Risk perception is a subjective psychological construct that is influenced by cognitive, emotional, social, cultural, and individual differences, both within and between individuals and across countries. Although the impact of COVID-19 on short- and long-term food security is difficult to predict, some risk factors and lessons from previous pandemics can be identified. The goal of this study is to assess rural farmers’ perceptions of the COVID-19 pandemic’s impact on crop production and its implications for food security in West Arsi Zone, Oromia, Ethiopia.


A community-based cross-sectional study was conducted among 634 small-holder farmers in the west Arsi zone district. From November 1–30, 2020, data was gathered through interviews with local farmers.

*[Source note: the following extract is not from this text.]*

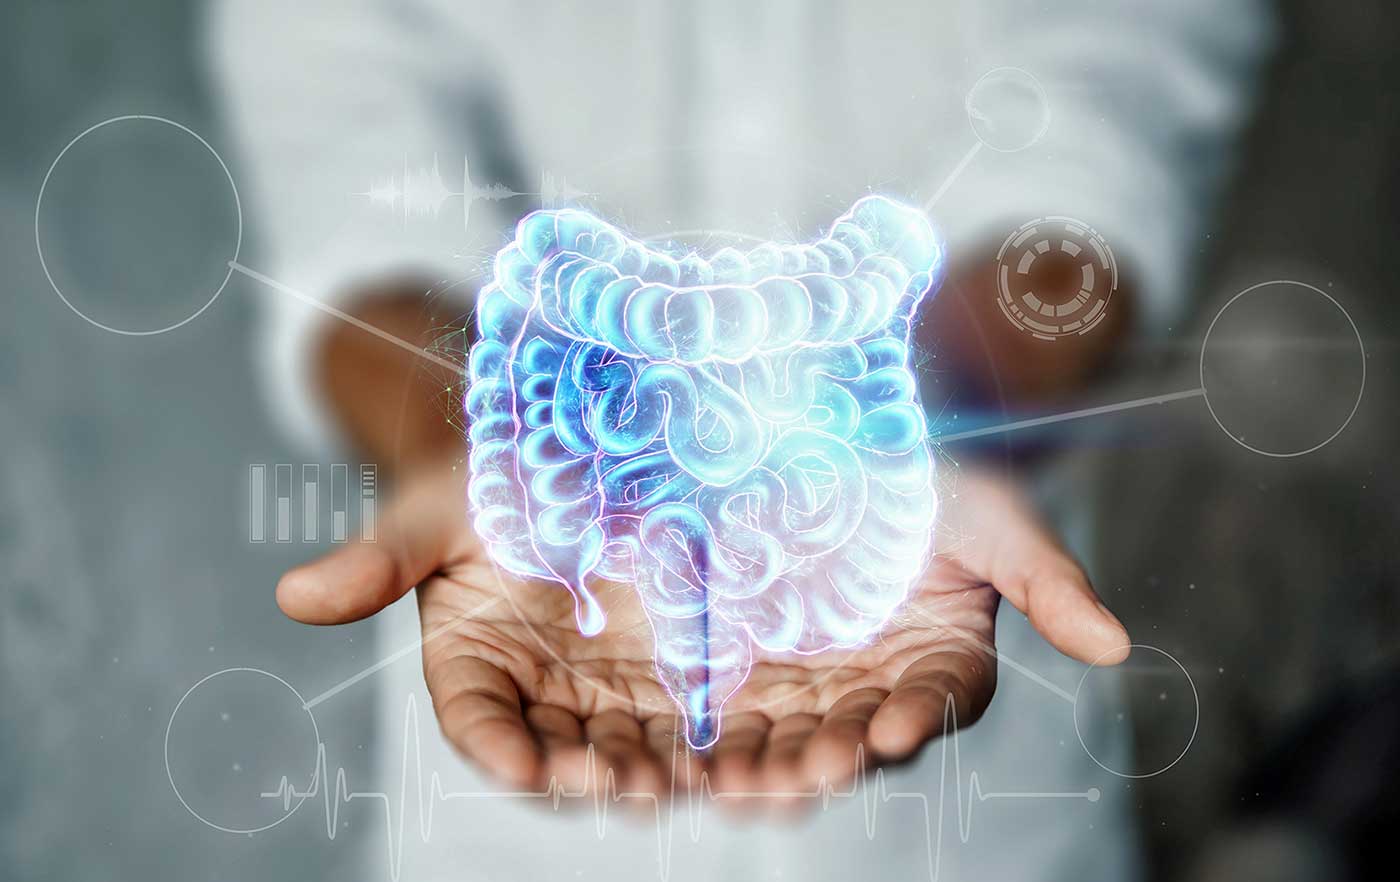 Doctor and holographic bowel scan projection with vital signs and medical records, showing the concept of new technologies and paths to better health.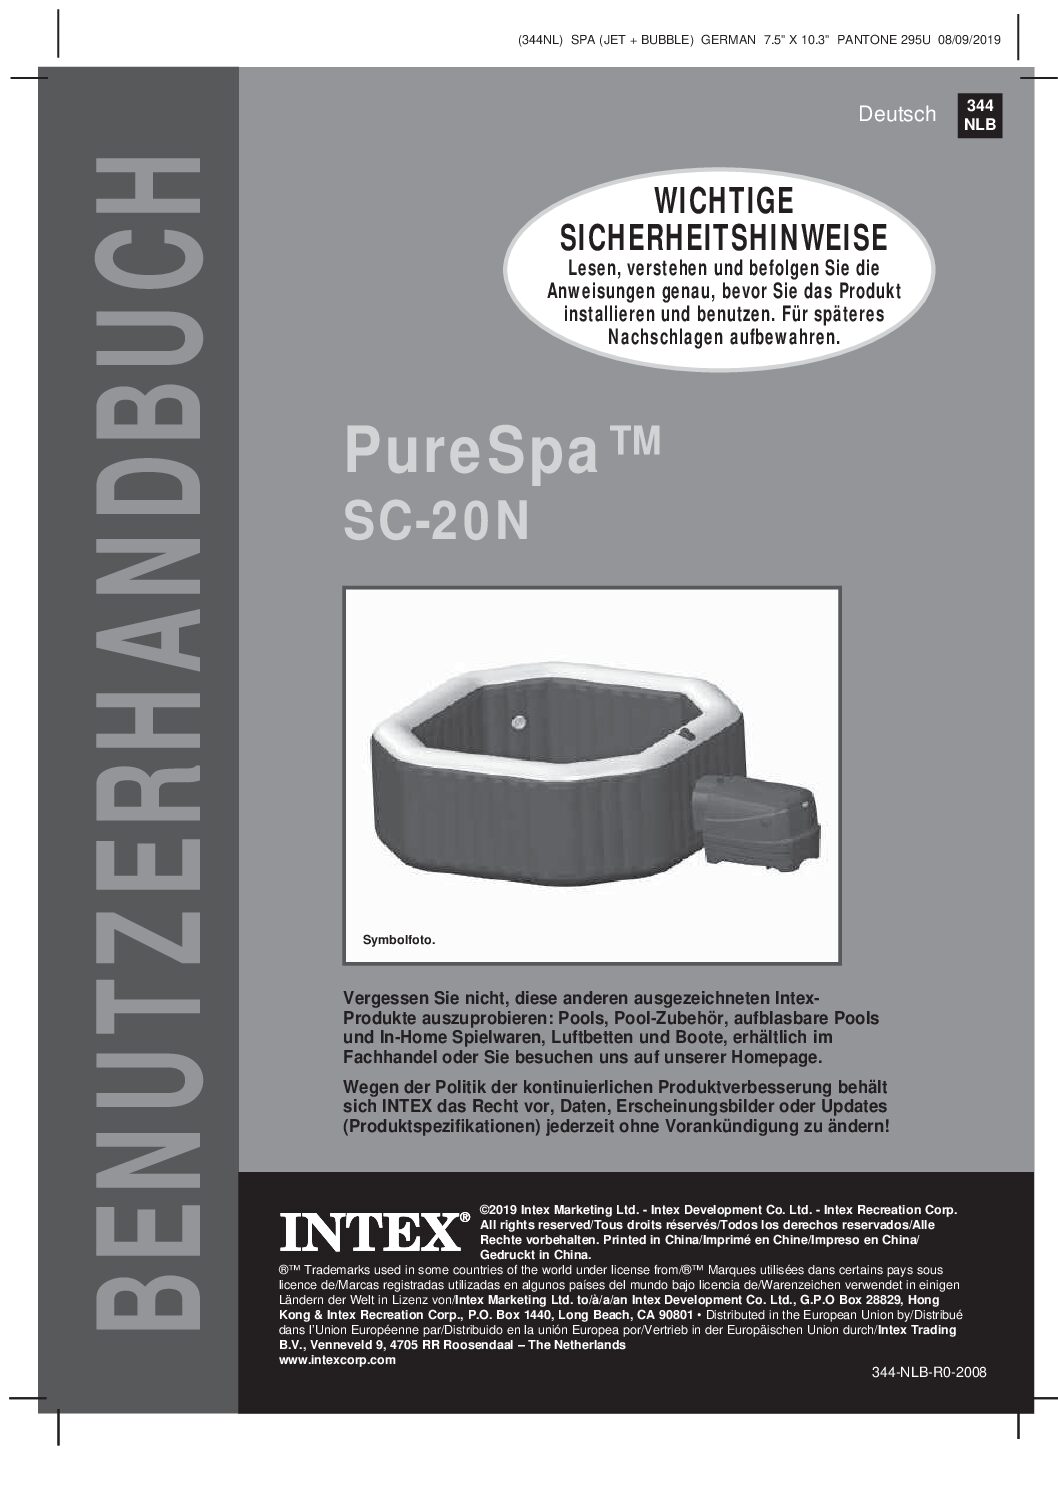 Intex Purespa Jet And Bubble Deluxe SC-20N Bedienungsanleitung

Data was gathered using a semi-structured questionnaire. Six trained expert agricultural workers were used as data collectors and supervisors, respectively, and both were trained. The questionnaire had been pre-tested. The Statistical Package for the Social Sciences (SPSS) software version 25 was used to analyze the data. To identify factors associated with risk perception of the COVID-19 pandemic on crop production, binary and multivariable logistic regression were used, with statistical significance determined at a p-value of 0.05.


This study found that among farmers in West Arsi Zone, Oromia, Ethiopia, about 32.5% reported having perceived risk of COVID-19 pandemic on crop production, and that age greater than or equal to 57, female sex (AOR,1.48 95% CI (1.03–2.12)), primary Educational status (AOR,2.85(1.78–4.58)), and permanent employed occupation of the house head (AOR, 2.27(1.24–4.17) were found to be independent predictors of perceived risk of COVID-19 pandemic on crop production among farmers in West Arsi Zone, Oromia, Ethiopia.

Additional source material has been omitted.